世界のセキュリティ・ベンダーのブログから、興味深い記事を紹介する。今回はInternet of Things(IoT)関連の話題を3本紹介する。このところ、IoTのセキュリティが取り上げられるケースが目立ってきている。

 最初に紹介するのは、電気自動車のハッキング実験に関する話題。中国の研究チームが、米テスラモーターズの「Model S」のハッキング実験に成功した。スロバキアのイーセットがブログで紹介している。遠隔操作でドアやサンルーフの開閉、ヘッドライトの点灯、クラクションの鳴動を実行したという。

 ブログによると、このハッキングは、セキュリティカンファレンス「SyScan」で行われたコンテストの一環。同研究チームは、ドアロックやワイパー、ライトなどのシステム制御を乗っ取り、賞金の1万ドルを獲得した。同チームは攻撃方法の詳細を明らかにしていない。

 テスラはコンテストの公式スポンサーではないが、責任あるセキュリティ研究者の力を借りて潜在的脆弱性を特定するという主旨に賛同し、「今後、問題の脆弱性を調査する」としている。これまでも複数のセキュリティ研究者がさまざまなネット接続可能な車両へのハッキングを実証してきたが、動いている車両に対する無線経由の攻撃はほとんどなかった。

 Model Sは、コンピュータコンポーネントが組み込まれ、ダッシュボードにインターネット通信対応のタッチパネルを装備する。ドアを開けるなど複数の機能は、タッチパネル上でアプリケーションを操作して実行できる。スポーツカータイプのフラッグシップモデルというだけでなく、セキュリティの点でも注目を集めている。

 コンテストの課題は、Model Sの中枢である17インチのタッチパネルを乗っ取ること。ハッキングは遠隔操作で行わなければならない。車両は運転者のモバイル端末を介してインターネットに接続されている。

 Model Sはこれまでにも、連携するモバイルアプリケーションから攻撃者がロックを解除できてしまう脆弱性が見つかっている。車の所有者は「iPhone」向けアプリケーションで6ケタのPINコードを使ってドアロックを解除するが、研究者によれば、PINコードはブルートフォース攻撃で入手できるという。
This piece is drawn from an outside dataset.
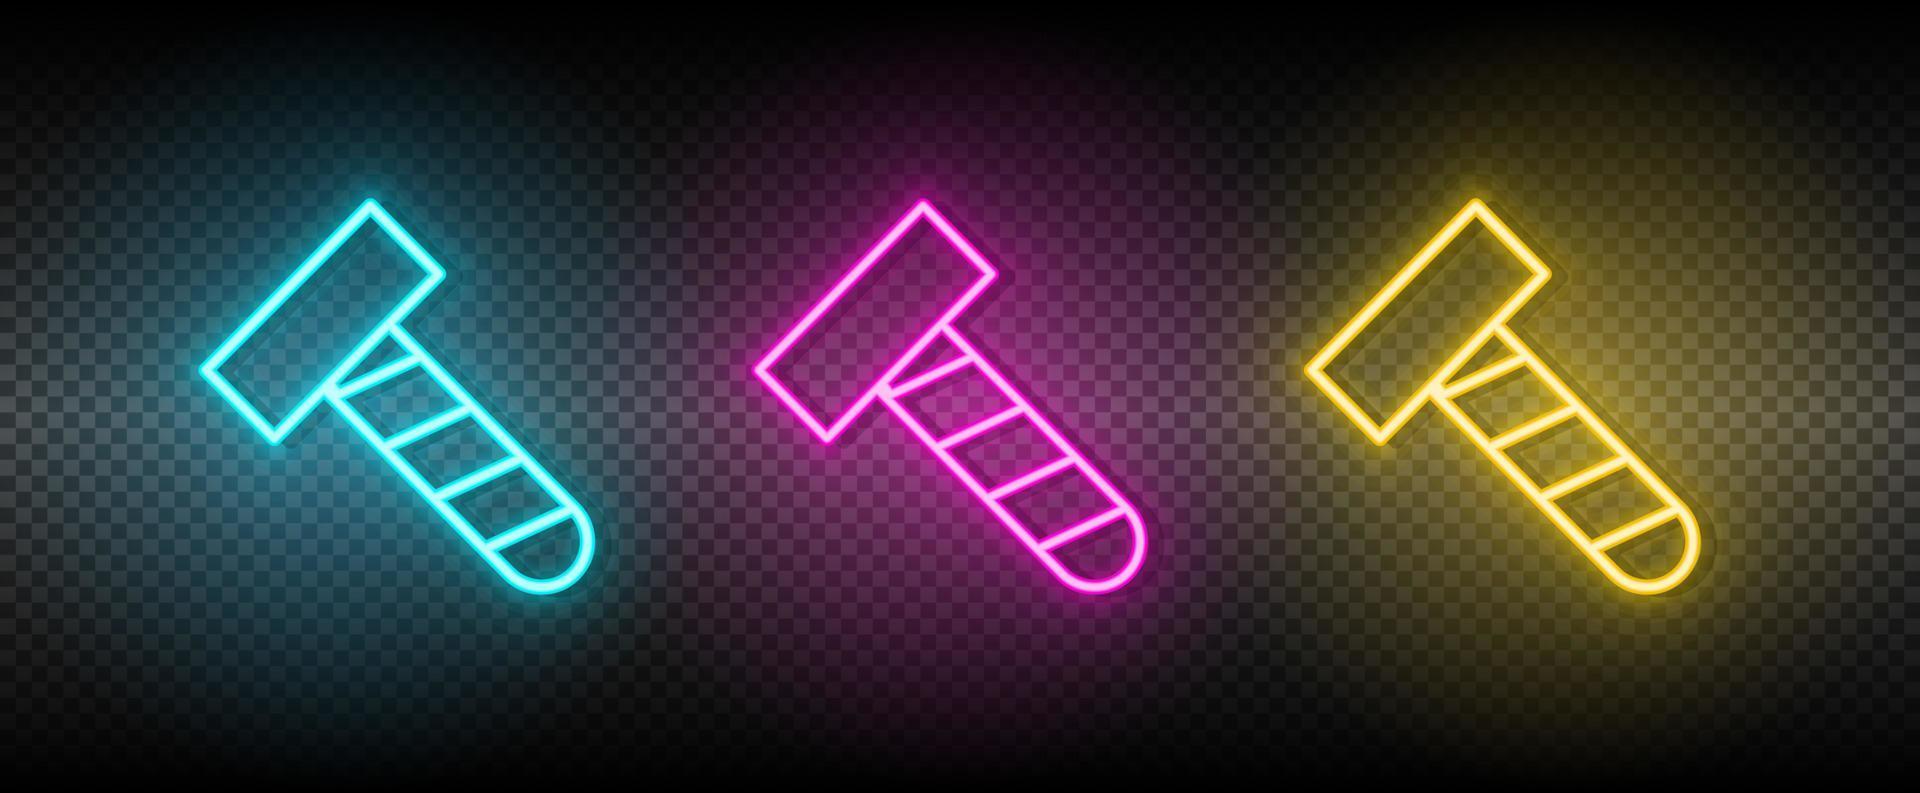 bolt, make vector icon yellow, pink, blue neon set. Tools vector icon on dark transparency background

 車がますます無線技術や電子制御を備えるにつれ、乗っ取られるリスクは高まる。Edward Markey上院議員(マサチューセッツ州選出、民主党)は、情報の窃盗やマルウエアのインストールといった危険性に直面するおそれがあるとして、大手自動車メーカー20社に強い懸念を示す書簡を昨年送ったという。

 Markey議員の書簡では、現在の平均的な車が最大50の電子制御装置を組み込み、一般的なファミリーカーには1億行のコンピュータコードが含まれ、車両コストの最大40%をソフトウエアが占めることなどを指摘している。